O que acontece nos campos do Norte

Na Finlândia, os ciclos repetidos de congelação e descongelação ao longo do inverno podem danificar as pastagens. Isso fragiliza as plantas, reduz o crescimento e diminui a entrada de carbono no solo através das raízes e de outra biomassa.

Quando está vigorosa, a pastagem pode contribuir para aumentar o carbono do solo. Porém, se o stress enfraquece a vegetação, esse benefício perde-se e o solo passa a libertar mais carbono.

À medida que o crescimento da pastagem diminuía, o solo libertava uma quantidade considerável de carbono para a atmosfera. E quando as pastagens eram convertidas em culturas de cereais, as perdas de carbono aumentavam de forma acentuada, subindo para quase cinco vezes mais.

Este salto pronunciado indica que alterações de uso do solo em sistemas pecuários podem elevar significativamente as emissões, sobretudo quando os efeitos no solo são ignorados.

As alterações climáticas aumentam a pressão

Os resultados também apontam para um padrão futuro preocupante. É expectável que as alterações climáticas tragam stress mais irregular e imprevisível, incluindo episódios de congelação e períodos de seca.

Se estas condições se tornarem mais frequentes, os campos poderão deixar de ser tão fiáveis enquanto reservas de carbono.

Assim, a questão não se limita ao que as explorações fazem hoje. Importa também considerar como as alterações climáticas podem desgastar o papel natural de “amortecedor” que, por vezes, os solos conseguem desempenhar.

O solo guarda a história do carbono

Quando as emissões do solo foram incorporadas nos cálculos completos da produção de leite, a diferença não foi pequena.

A pegada de carbono apurada ficou 41 percent mais alta do que em avaliações que não incluíam as alterações do carbono no solo. Este aumento expressivo mostra que deixar o solo fora das contas pode mudar substancialmente o resultado.

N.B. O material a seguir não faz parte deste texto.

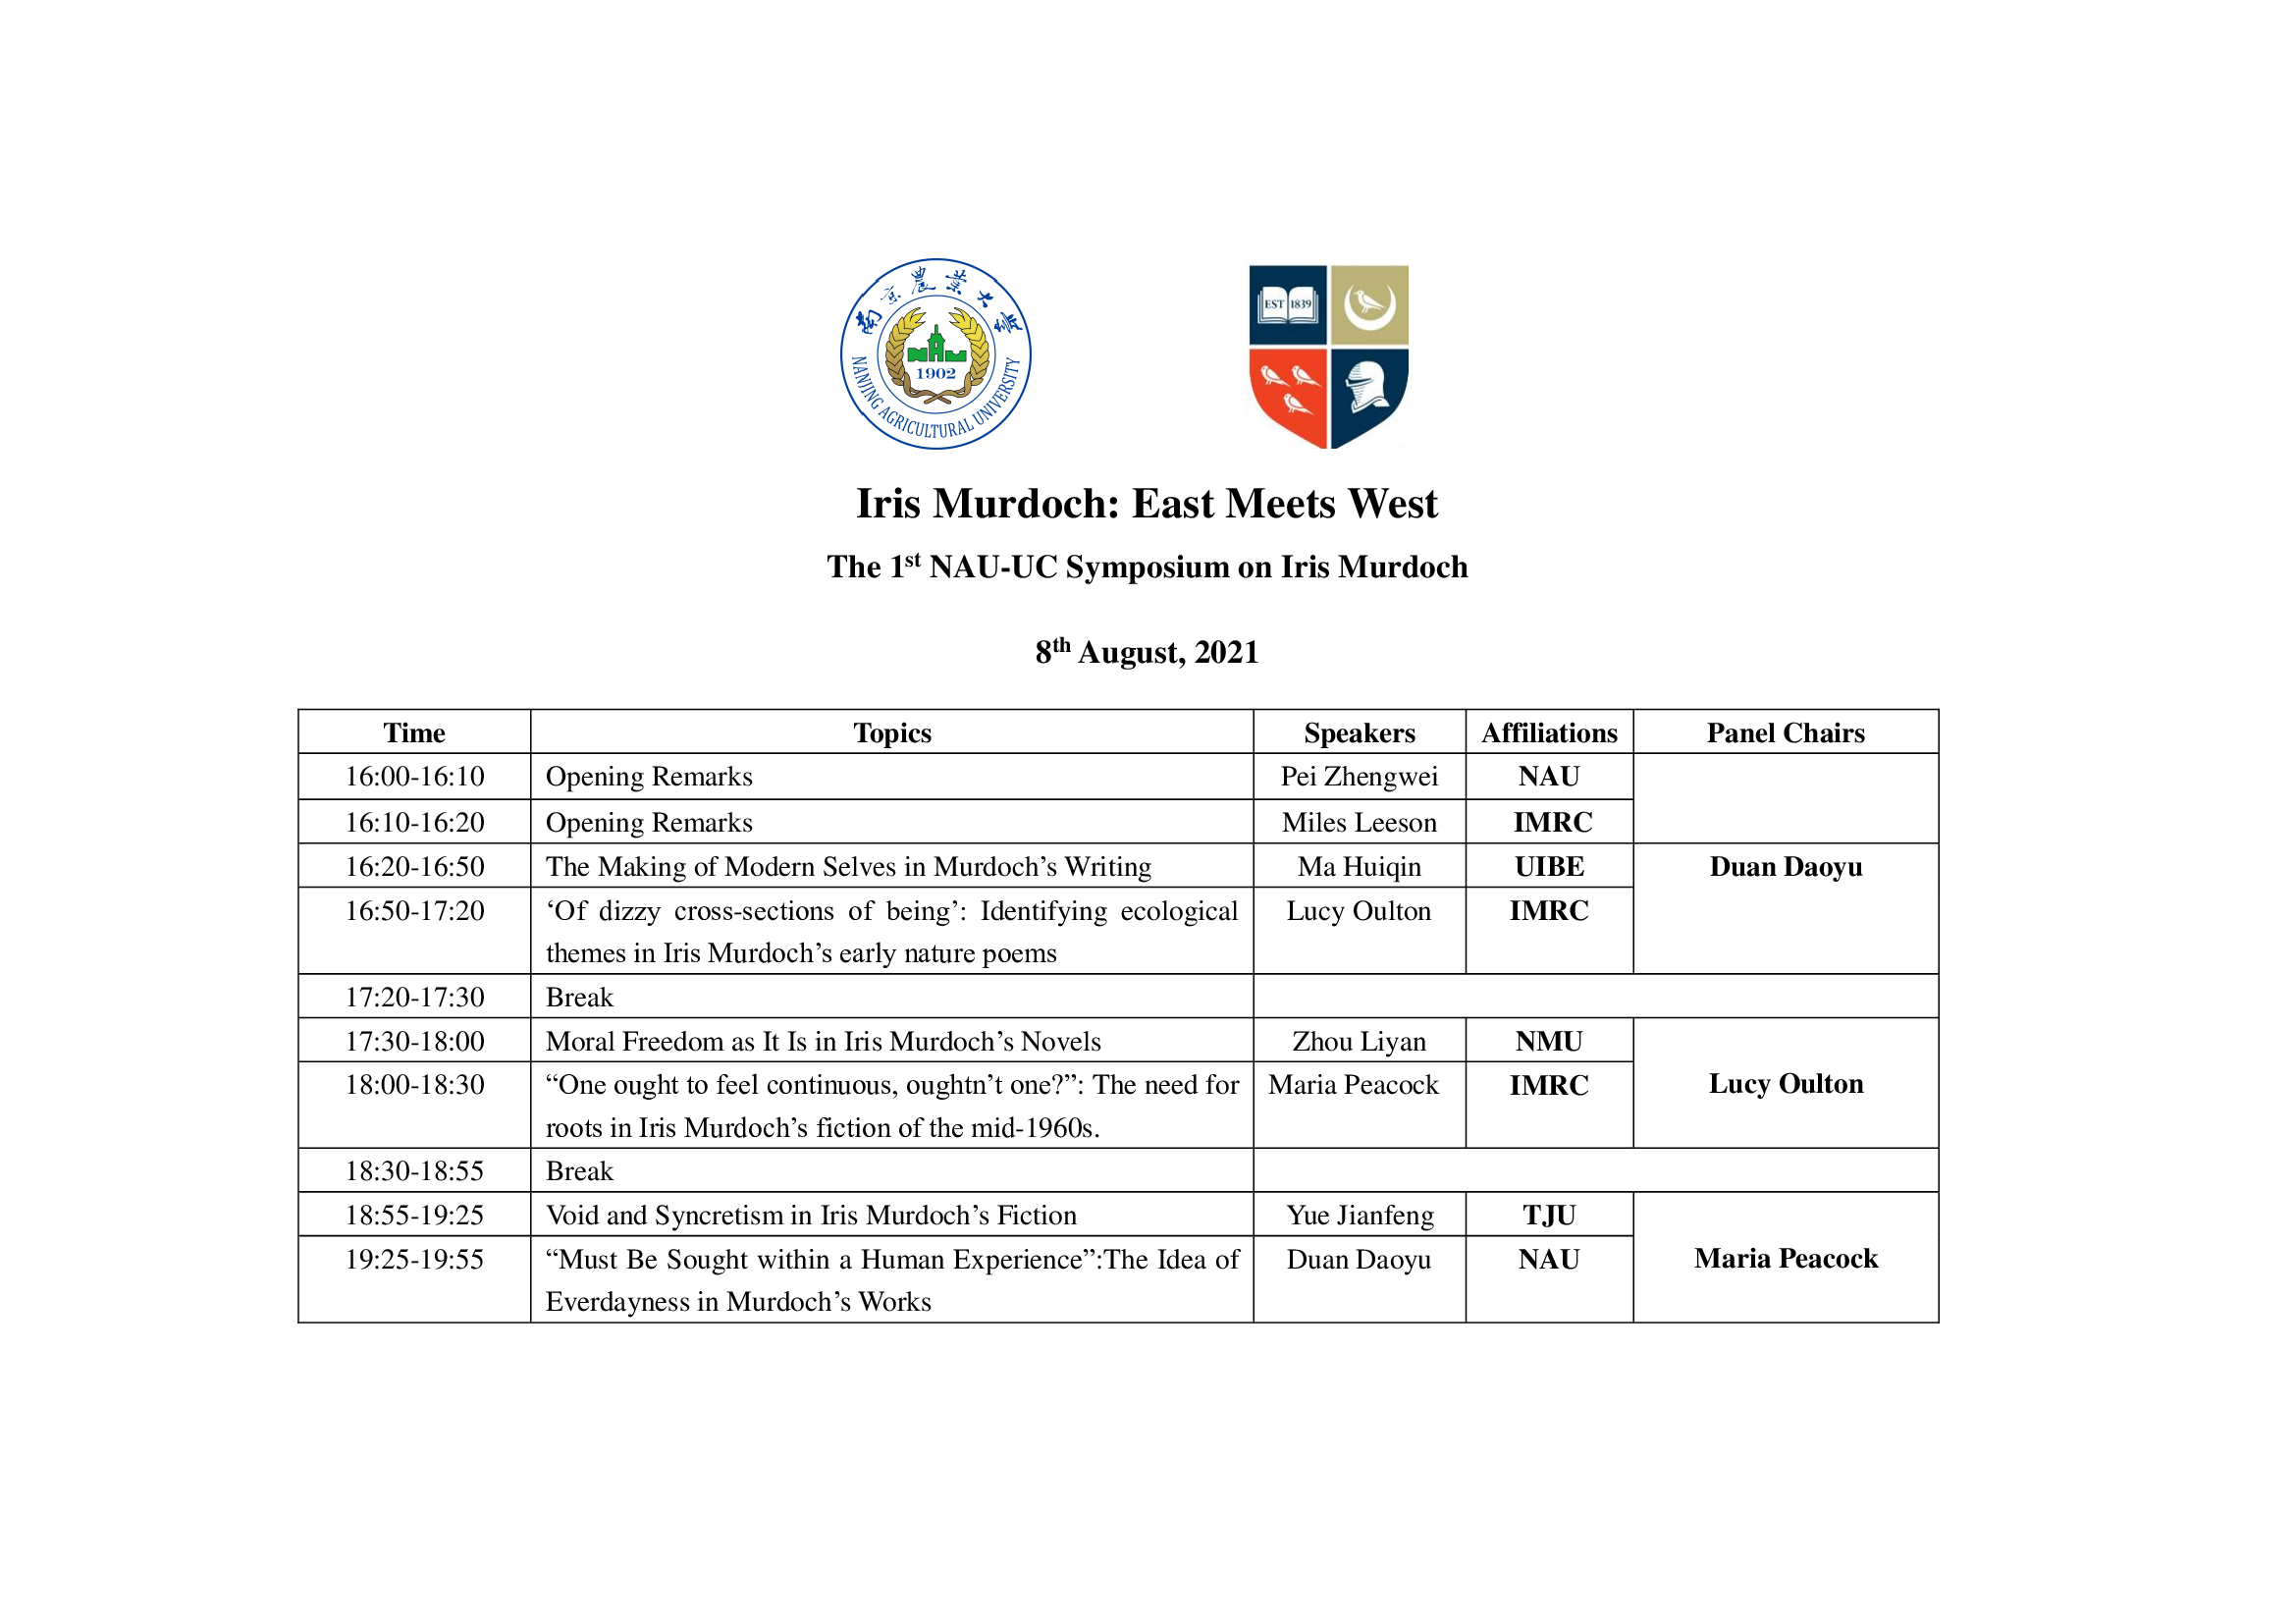 Iris Murdoch: East Meets West schedule

“Grassland used as cattle feed can either sequester carbon in the soil or release it into the atmosphere,” disse a investigadora pós-doutorada Yajie Gao, da Universidade de Helsínquia. “The belowground biomass of grass is an important source of carbon input that promotes soil carbon sequestration.”

“É por isso que o balanço de carbono de um campo faz parte da pegada de carbono do leite, apesar de normalmente ser excluído dos cálculos. O solo é um banco de carbono vivo e, sem o contabilizar, não conseguimos fazer uma avaliação honesta do impacto climático da produção alimentar.”

Repensar as emissões nas explorações

Os investigadores defendem que uma contabilização mais fiável exigirá a colaboração de várias áreas do conhecimento.

Uma abordagem multidisciplinar que combine ciência do solo, medições atmosféricas e avaliações ambientais é essencial para compreender com precisão o verdadeiro impacto do nosso sistema alimentar.

O estudo pode ajudar os agricultores a ir além de declarações genéricas de sustentabilidade e a avançar para uma gestão orientada por dados. Ao perceberem o custo real de carbono associado ao solo, poderão desenvolver soluções específicas para cada local que reduzam emissões.

O impacto de carbono do leite não começa nem termina na vaca. Depende também do que se passa no campo, nas raízes e no próprio solo.

Quando essa componente escondida entra na equação, a história fica mais complexa - mas também mais fiel.

Se a agricultura pretende reduzir emissões de forma séria, este quadro completo é determinante. Sem ele, algumas das perdas mais importantes podem continuar enterradas no chão.